[PATCH rcu 3/8] rcu/kvfree: Add debug check for GP complete for kfree_rcu_cpu list
From: Paul E. McKenney
Date: Wed May 10 2023 - 13:03:26 EST
From: "Uladzislau Rezki (Sony)" <urezki@xxxxxxxxx>
Under low-memory conditions, kvfree_rcu() will use each object's
rcu_head structure to queue objects in a singly linked list headed by
the kfree_rcu_cpu structure's ->head field. This list is passed to
call_rcu() as a unit, but there is no indication of which grace period
this list needs to wait for.

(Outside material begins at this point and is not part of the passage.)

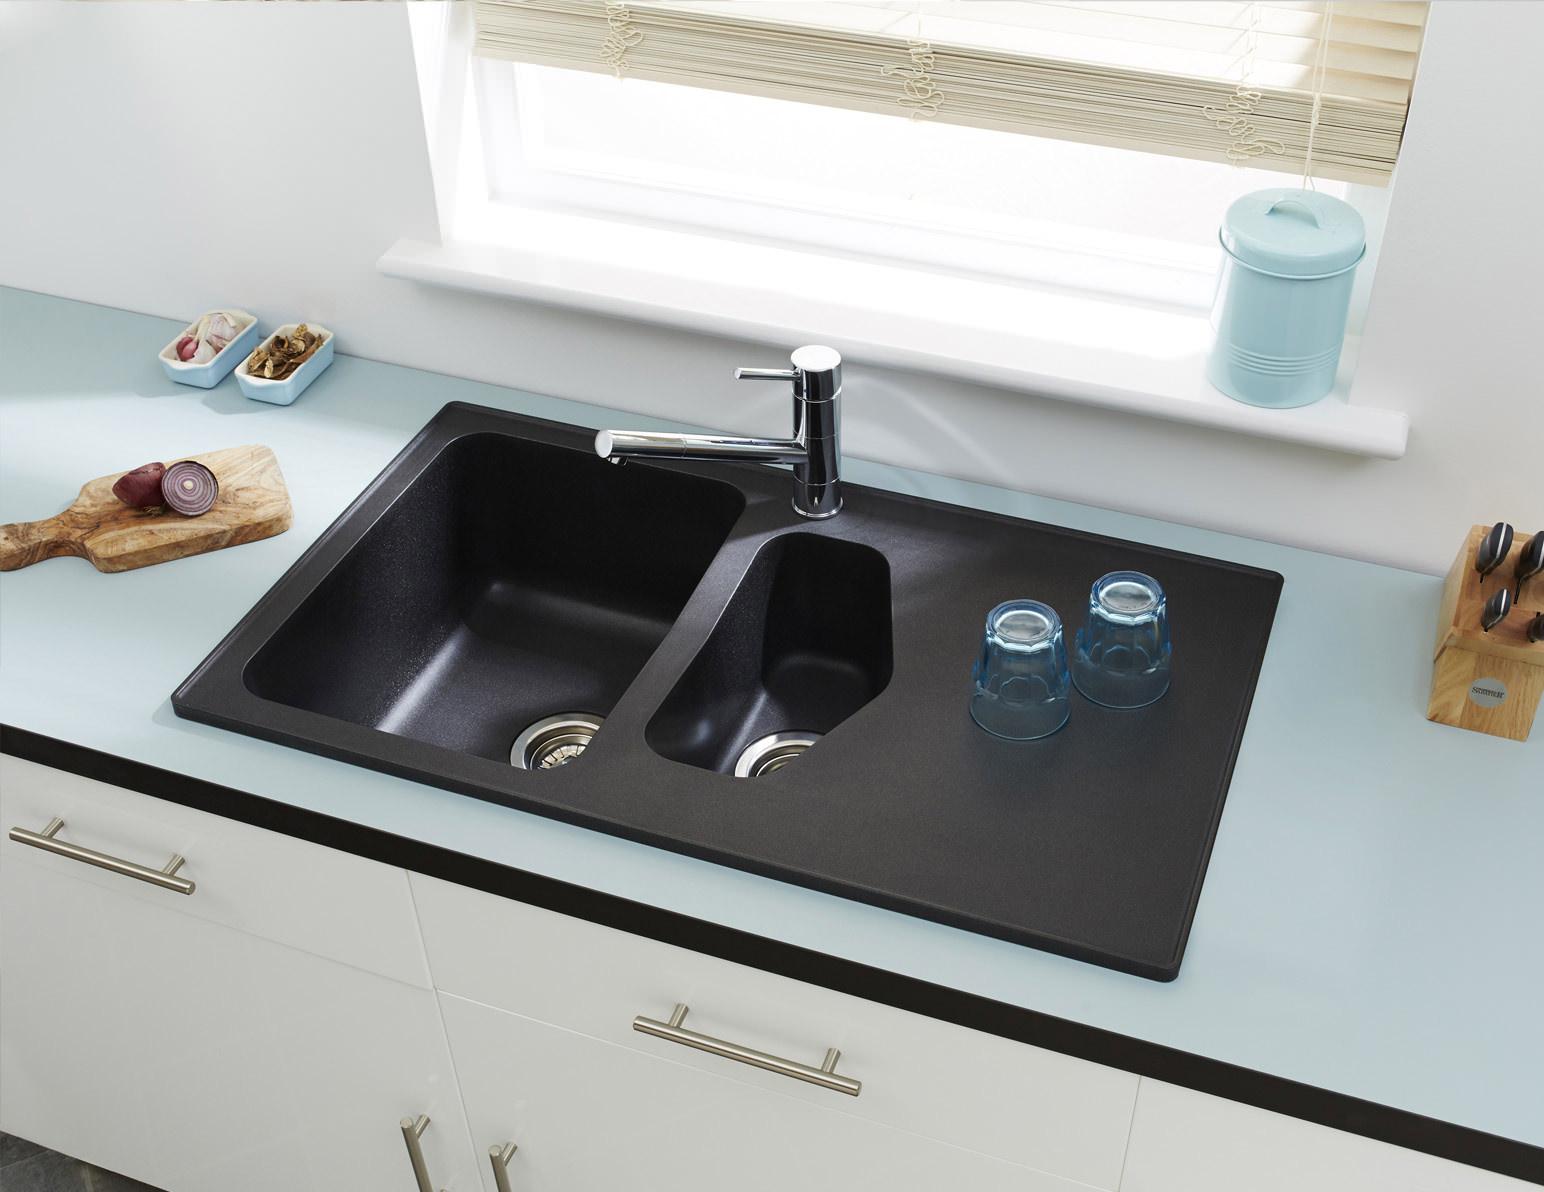 Composite Granite Sinks Vs Stainless Steel Miseno Kitchen

This in turn prevents adding debug checks
in the kfree_rcu_work() as was done for the two page-of-pointers channels
in the kfree_rcu_cpu structure.
This commit therefore adds a ->head_free_gp_snap field to the
kfree_rcu_cpu_work structure to record this grace-period number. It also
adds a WARN_ON_ONCE() to kfree_rcu_monitor() that checks to make sure
that the required grace period has in fact elapsed.
[ paulmck: Fix kerneldoc issue raised by Stephen Rothwell. ]
Signed-off-by: Uladzislau Rezki (Sony) <urezki@xxxxxxxxx>
Signed-off-by: Paul E. McKenney <paulmck@xxxxxxxxxx>
---
kernel/rcu/tree.c | 8 +++++++-
1 file changed, 7 insertions(+), 1 deletion(-)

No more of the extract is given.